In 1966 Boschloo came to work at the NIKI in Florence where he stayed until 1976 when he was appointed professor in the history of art at Leiden University. He succeeded Creighton Gilbert who had only been in office briefly. More relevant was that Boschloo had to struggle against the reputation of Hans van de Waal who had held the same position from 1946 until his death in 1972 and whose reputation posthumously had risen considerably. Boschloo accepted the professorship on 19 November 1976 with the oration: De veelzeggende toeschouwer (The telling viewer). As said, Boschloo had defended his dissertation two years earlier. This study concerned the work of Annibale Carracci in Bologna, the young Annibale who still had to make his reputation in Rome. Ever since, Boschloo remained attracted to Bologna.

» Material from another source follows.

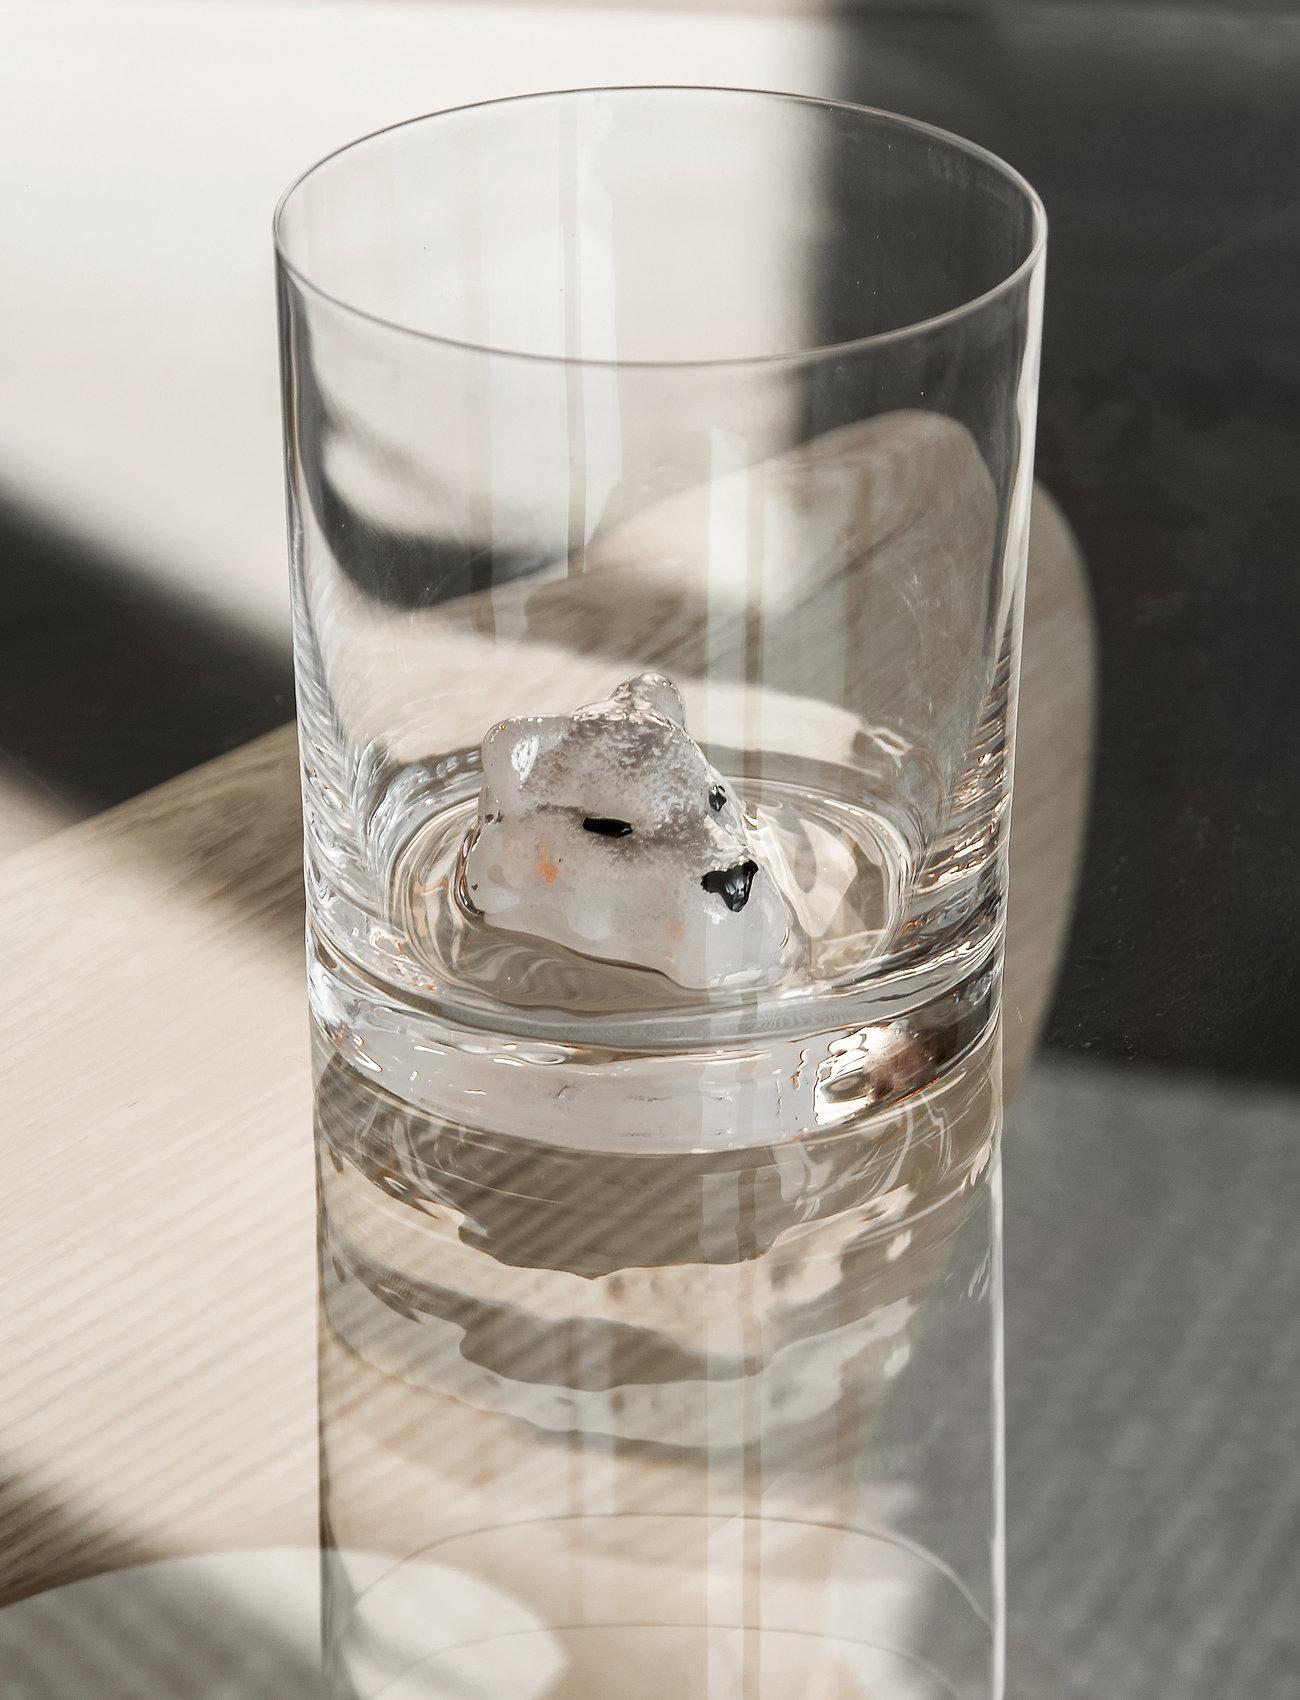 Kosta Boda - NEW FRIENDS TUMBLER ARTIC FOX 46 CL (40CL) - whiskyglass & cognacglass - clear - 1

In the course of 25 years, until 2001, Boschloo devoted his time as professor combining education, research and management. Highly equipped for research and education, particularly when addressing small groups of students or individual students and PhD-students, Boschloo for years on end dutifully endured the managerial tasks which suited his capabilities less. He decided to retire from the university early. Even so, after his retirement he continued his involvement as a doctoral advisor with a series of successfully defended dissertations under his supervision.

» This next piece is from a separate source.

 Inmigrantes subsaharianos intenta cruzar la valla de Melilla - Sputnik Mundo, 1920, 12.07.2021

Repeatedly Boschloo has declared his affinity with Eugenio Battisti’s L’antirinascimento which appeared when he was still a student. The impact of this book might be recognized in Boschloo’s versatility and his attention to low art. However, the chaotic element of this book is completely lacking in Boschloo. On the contrary, his work is thorough, systematic, clear, nuanced and reliable. Boschloo did not refrain from paying attention to difficult subjects, e.g. the function of the viewer and the complicated relationship between style and patron. The key problem in Boschloo’s art historical work concerns the way painters used their artistic means to attain their artistic goals. In his analyses which frequently took as their point of departure the question of how the painting involved viewers, inside or outside the image, into the story, were usually limited to the work of art itself. Boschloo paid much less attention to questions concerning the function of painting within the liturgy or concerning the exact identity of the viewers. Are we discrediting Boschloo if we state that much of his best work consists of intelligent analyses of images?

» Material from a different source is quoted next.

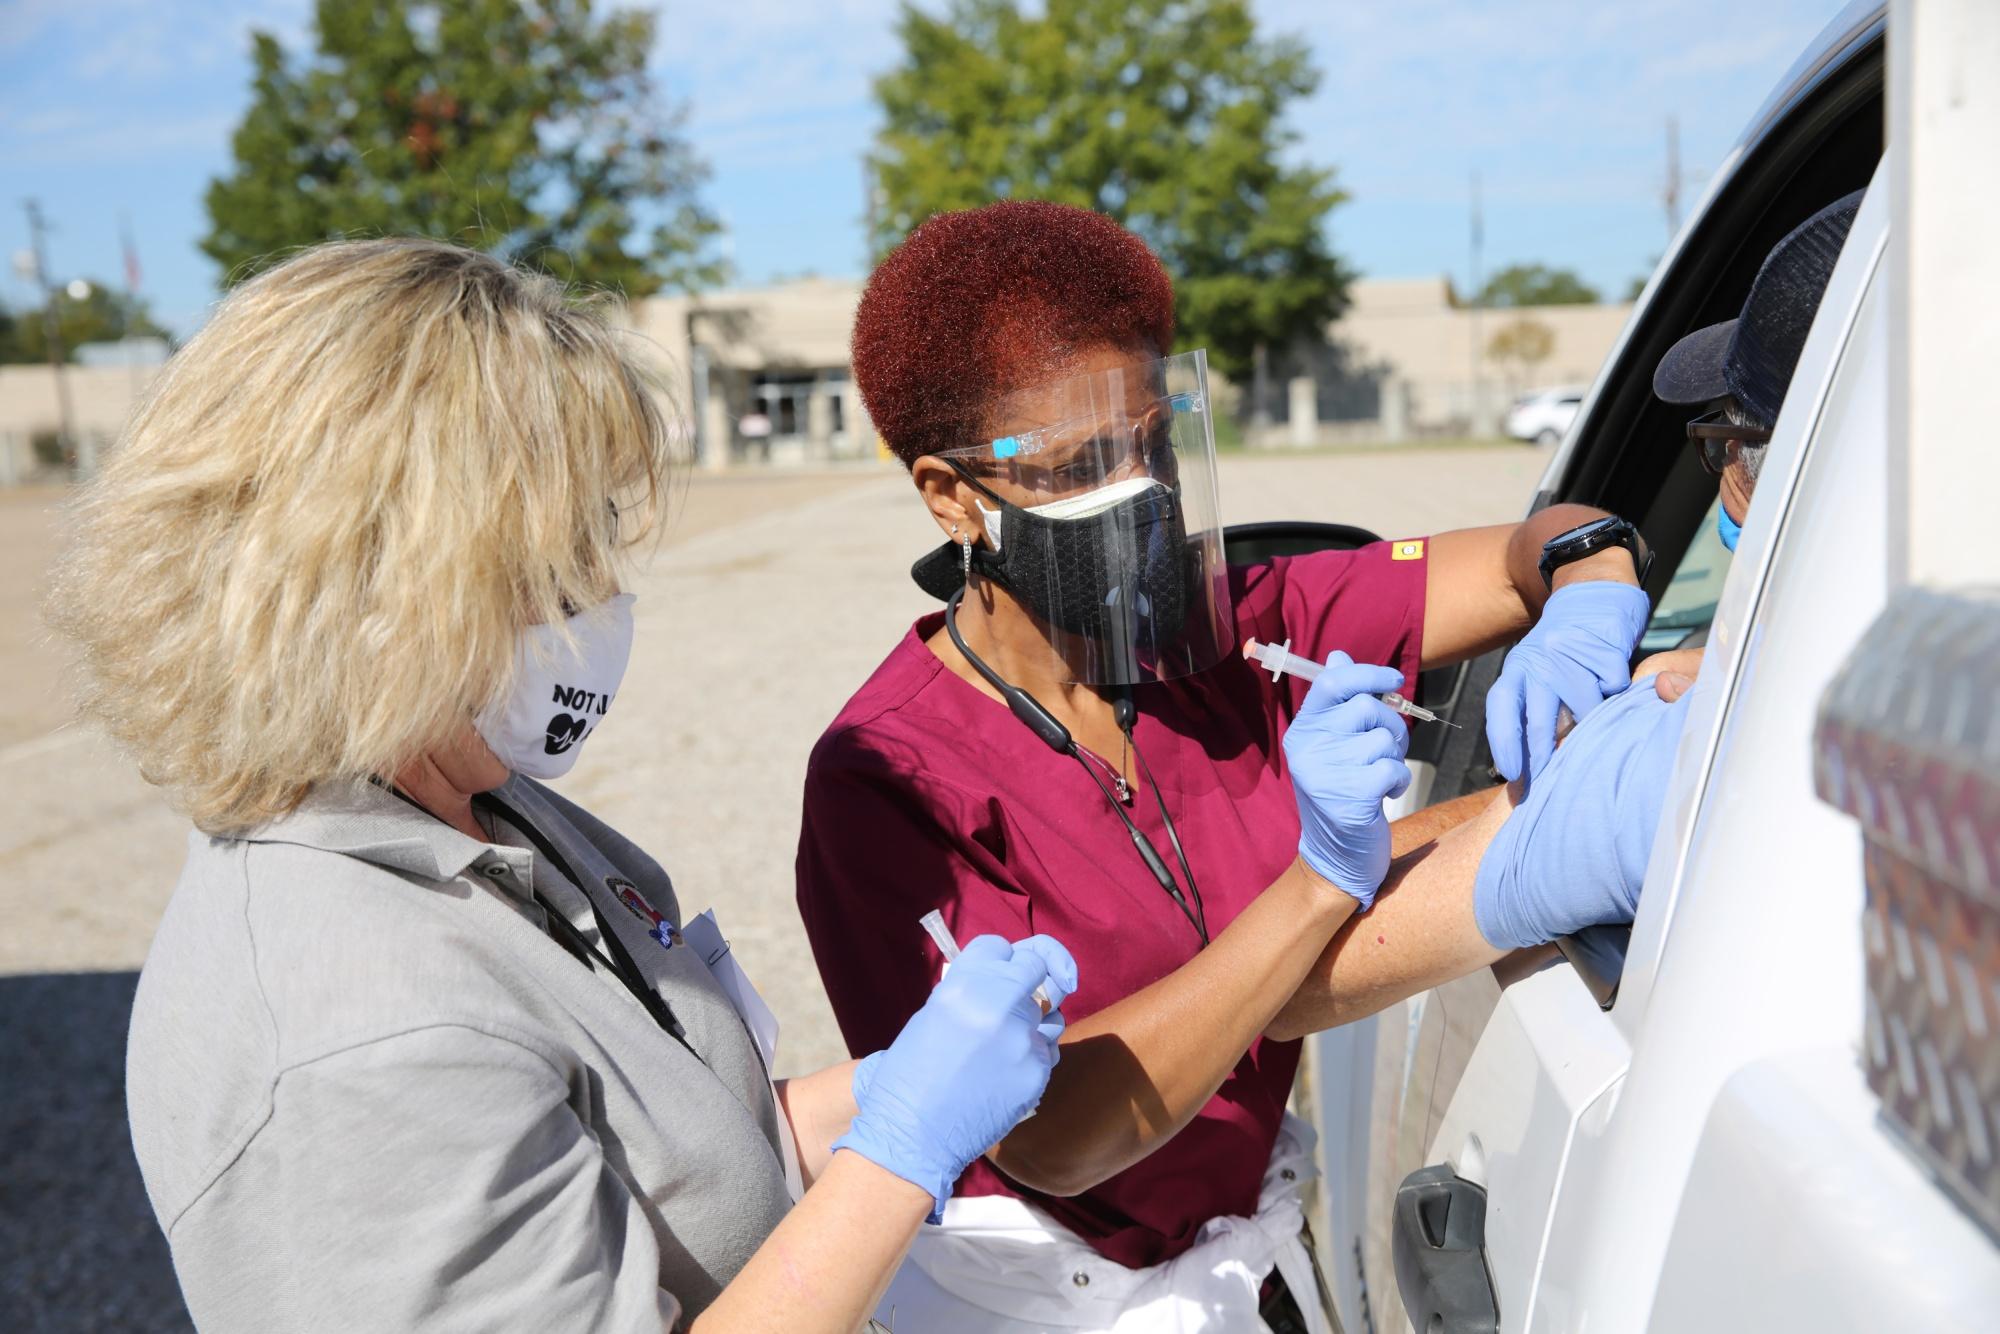 W czwartek, 5 listopada 2020 r., Pracownicy służby zdrowia podają szczepionki przeciw grypie w klinice dla kierowców na grypę w Louisiana State Fairgrounds w Shreveport w stanie Luizjana w USA. Fotograf: Dylan Hollingsworth / Bloomberg

Apart from his dissertation, among Boschloo’s most important publications might be counted: Il fregio dipinto a Bologna da Niccolò dell’Abate ai Carracci (1550-1580) (1984), L’Accademia Clementina e la preoccupazione del passato (1989), The prints of the Remondinis. An attempt to reconstruct an eighteenth-century world of pictures (1998) and The limits of artistic freedom. Criticism of art in Italy from 1500 to 1800 (2008). Boschloo’s exceptional qualities as an editor are evident in some volumes of the Leids Kunsthistorisch Jaarboek (Leiden Yearbook of Art History), particularly in Academies of Art between Renaissance and Romanticism (vols. 5-6, 1989) and besides in volumes like Italian Paintings from the Sixteenth Century in Dutch Public Collections (edited by Gert Jan van der Sman, 1993); ‘Aux Quatre Vents’. A Festschrift for Bert W. Meijer (edited by Edward Grasman and Gert Jan van der Sman, 2002) and Aemulatio. Imitation, emulation and invention in Netherlandish art from 1500 to 1800. Essays in honor of Eric Jan Sluijter (edited by Nicolette Sluijter a.o., 2011).

Anton Boschloo passed away in Oegstgeest where he has lived for years, leaving behind a wife, three daughters and four grandchildren.